Data section.
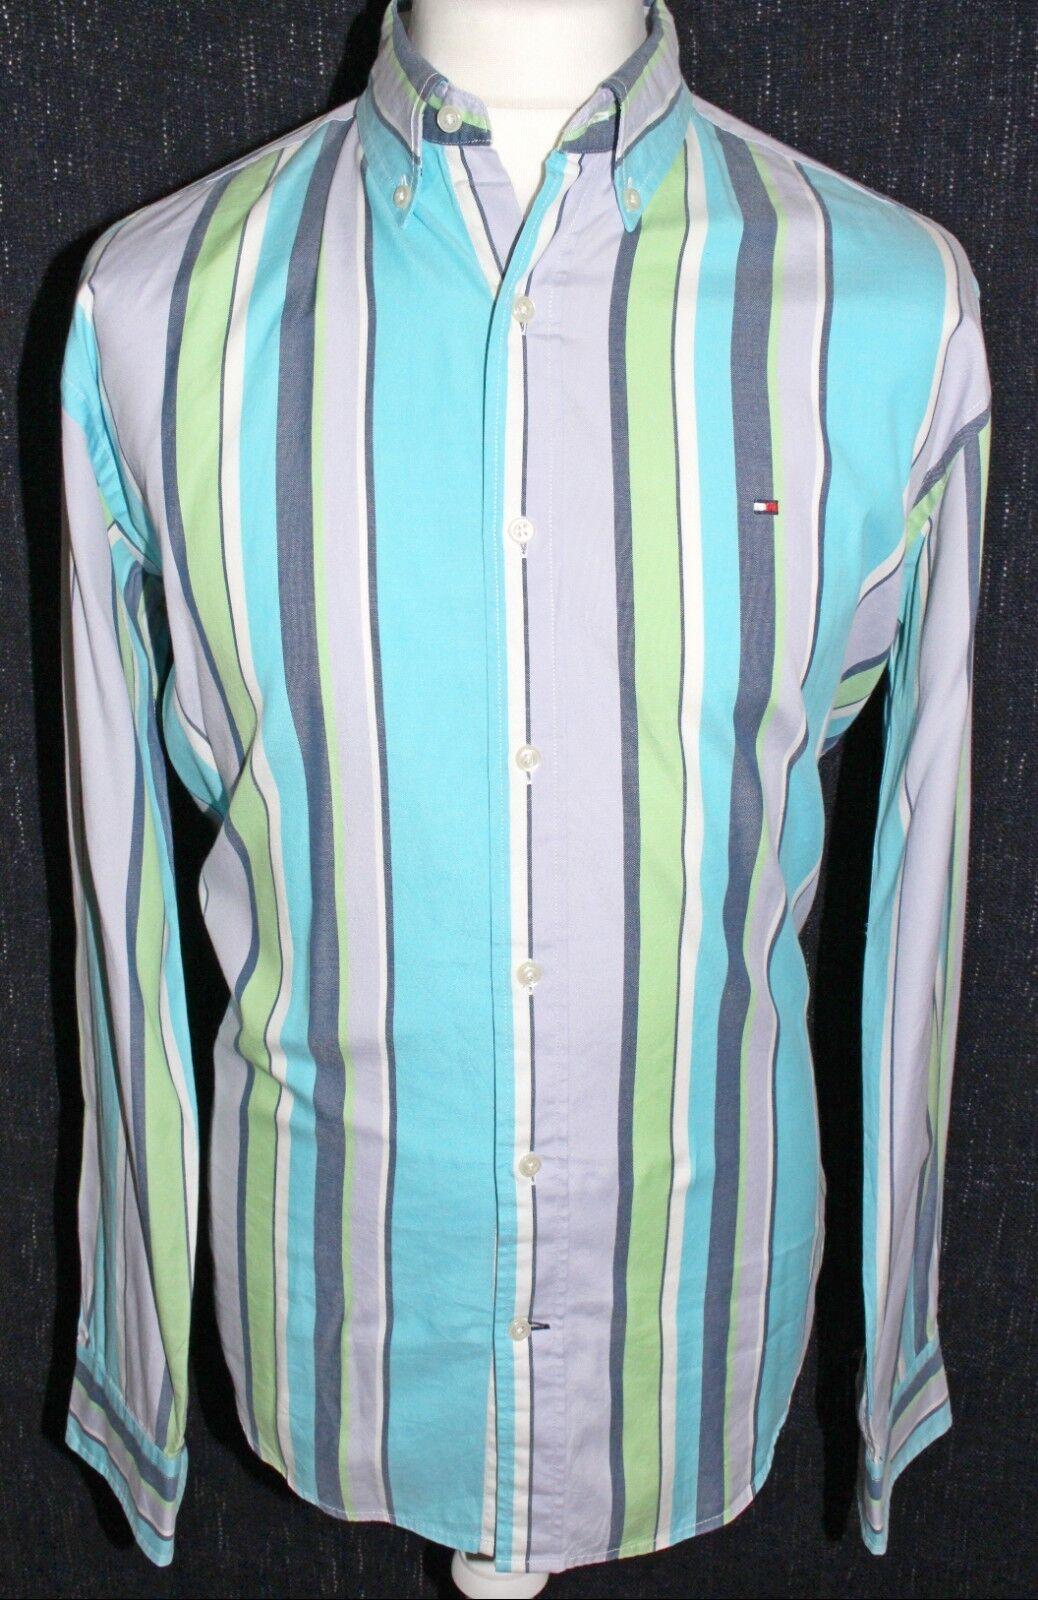 TOMMY HILFIGER Mens 80's 80's 80's Two Ply Cotton Mutli Colourot Striped Shirt Größe Large | Ausgezeichneter Wert  | Qualität und Quantität garantiert  1749e7
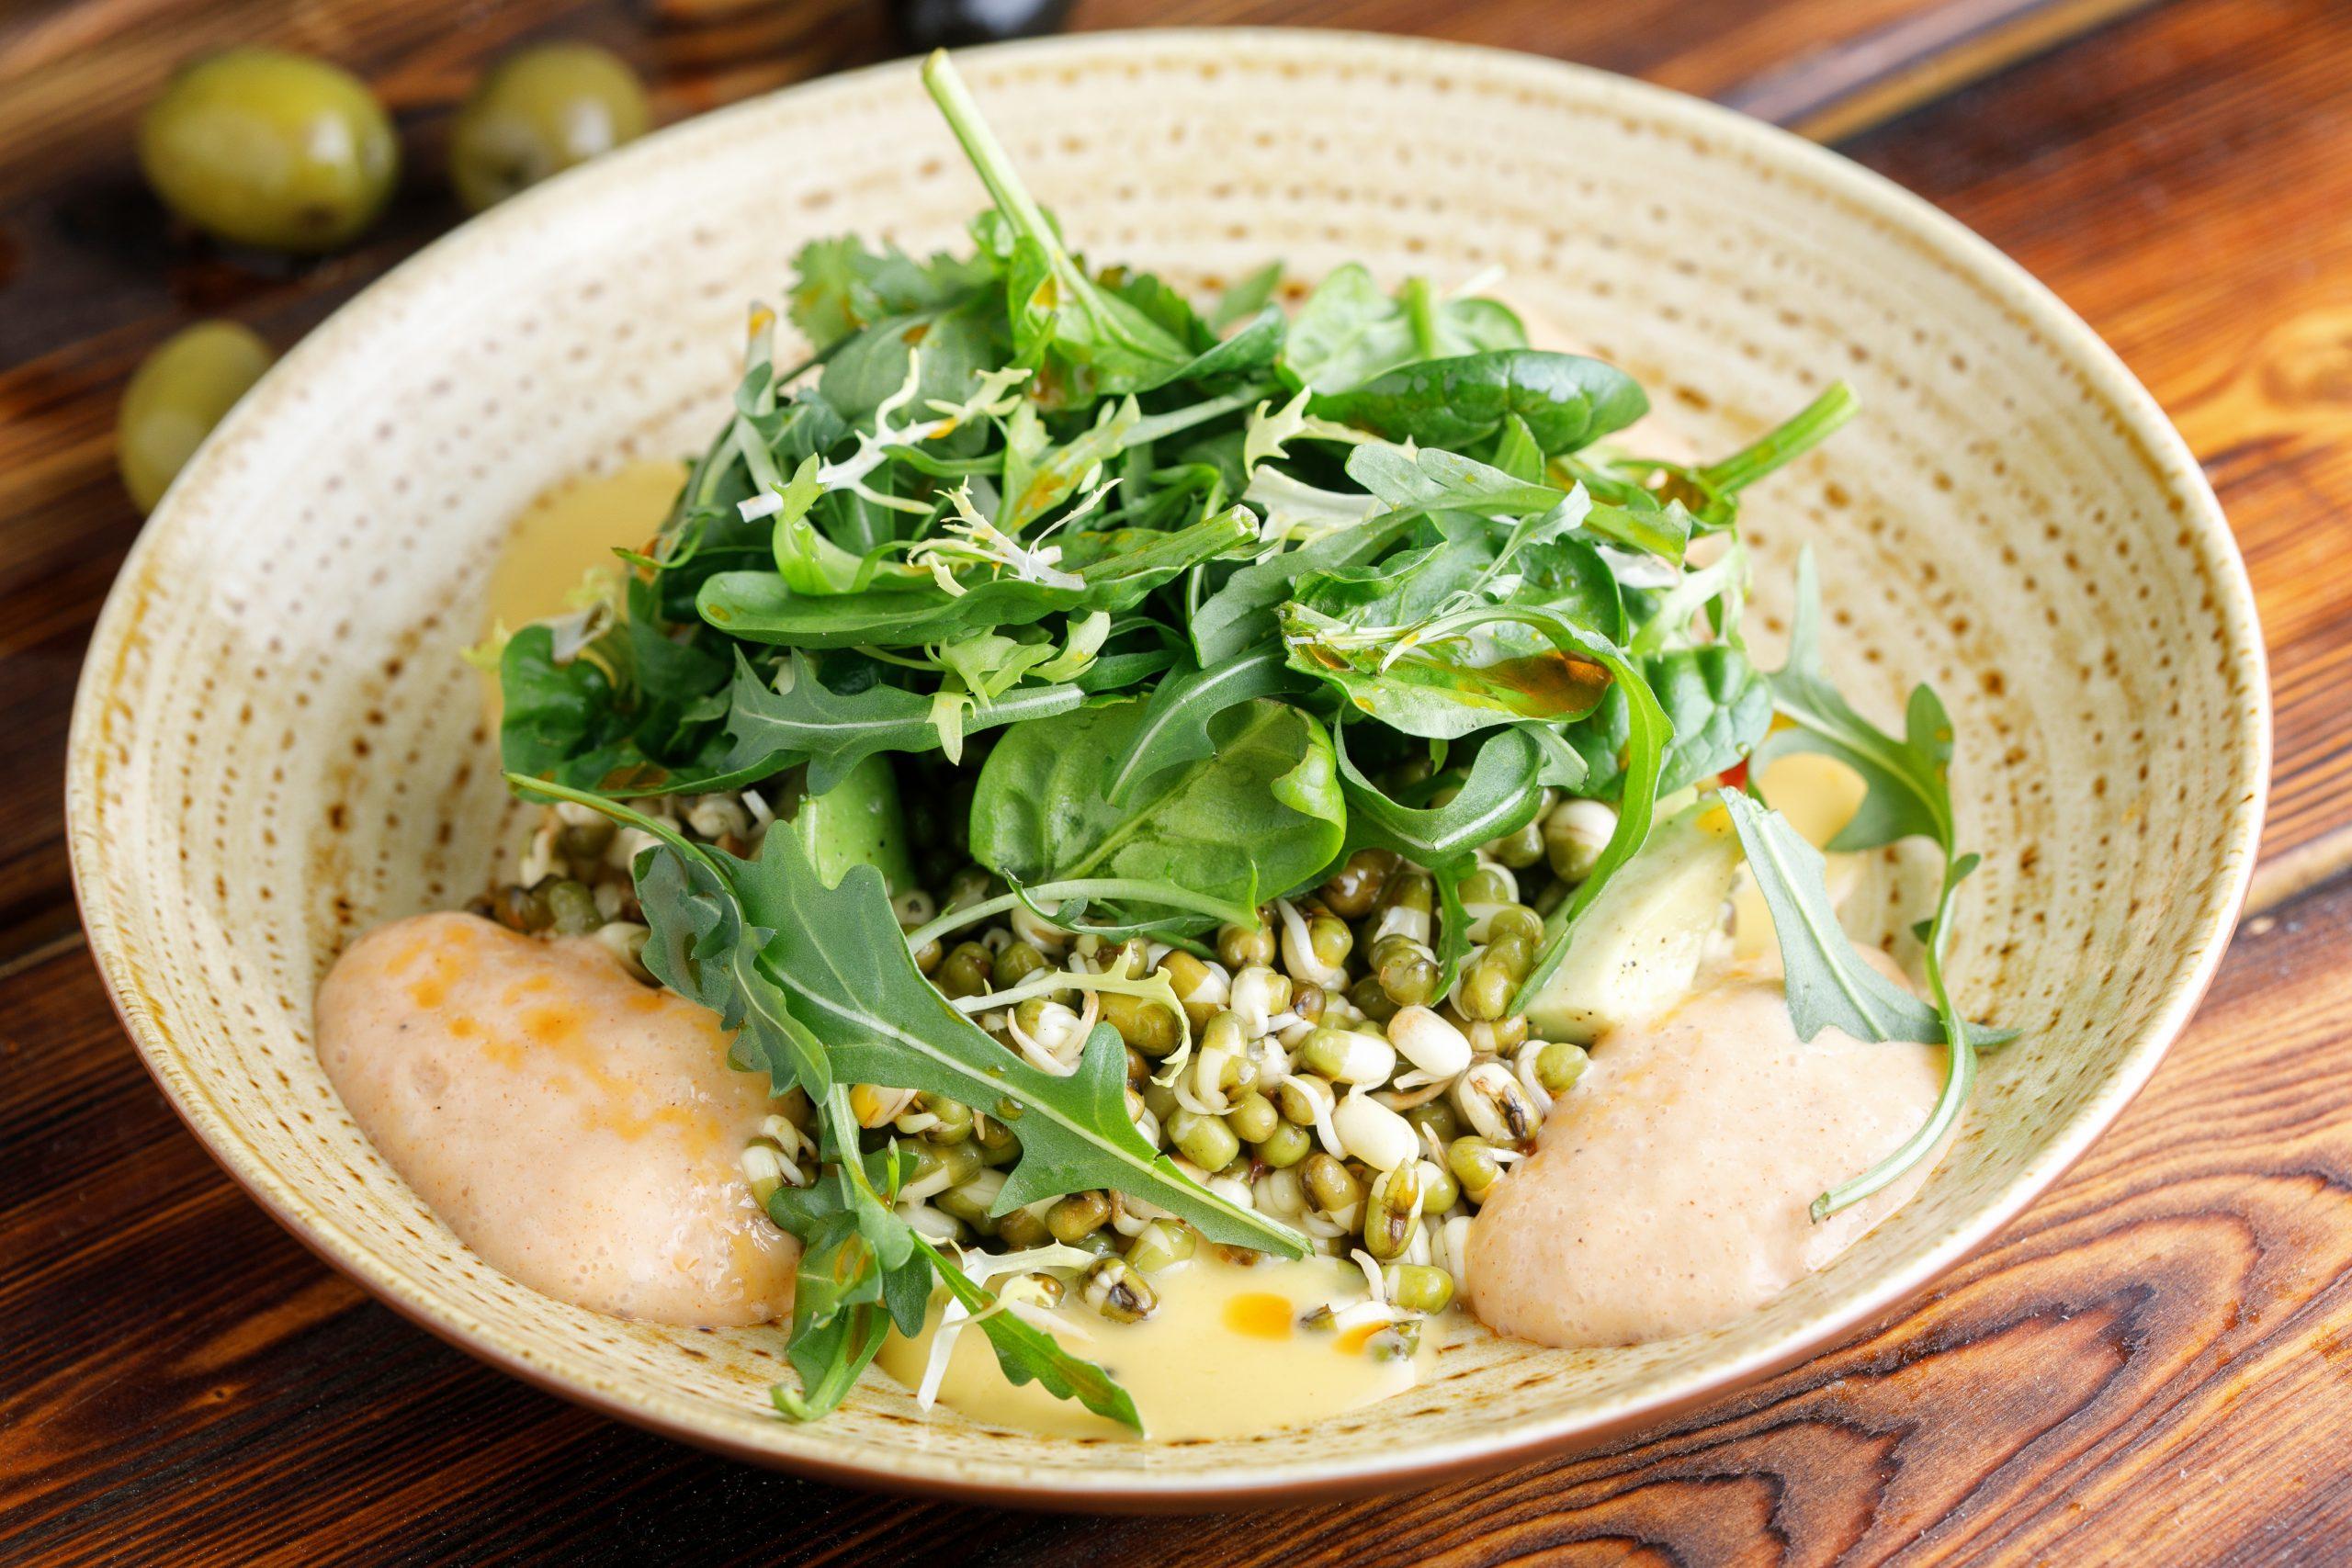 Салат из пророщенной фасоли маш и авокадо с соевой сметаной
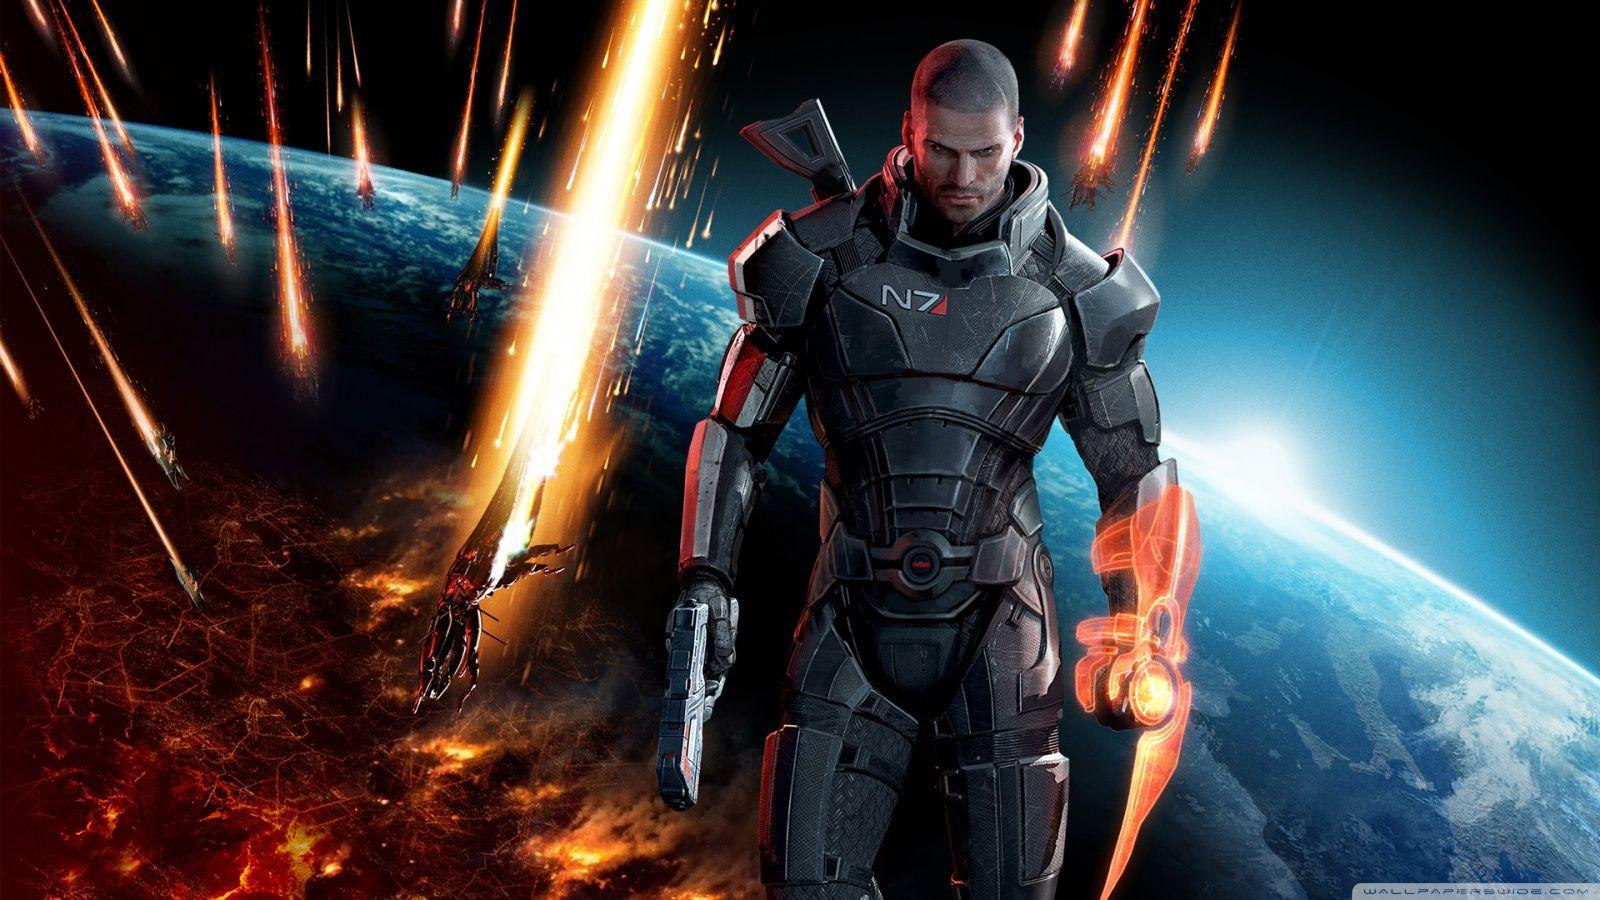 Mass Effect HD desktop wallpaper Widescreen High Definition

The problem.
Word for word, restate the lines above from the first through the one that contains "Салат из пророщенной", and exclude all pictures.

Exercise solution.
 TOMMY HILFIGER Mens 80's 80's 80's Two Ply Cotton Mutli Colourot Striped Shirt Größe Large | Ausgezeichneter Wert  | Qualität und Quantität garantiert  1749e7
 Салат из пророщенной фасоли маш и авокадо с соевой сметаной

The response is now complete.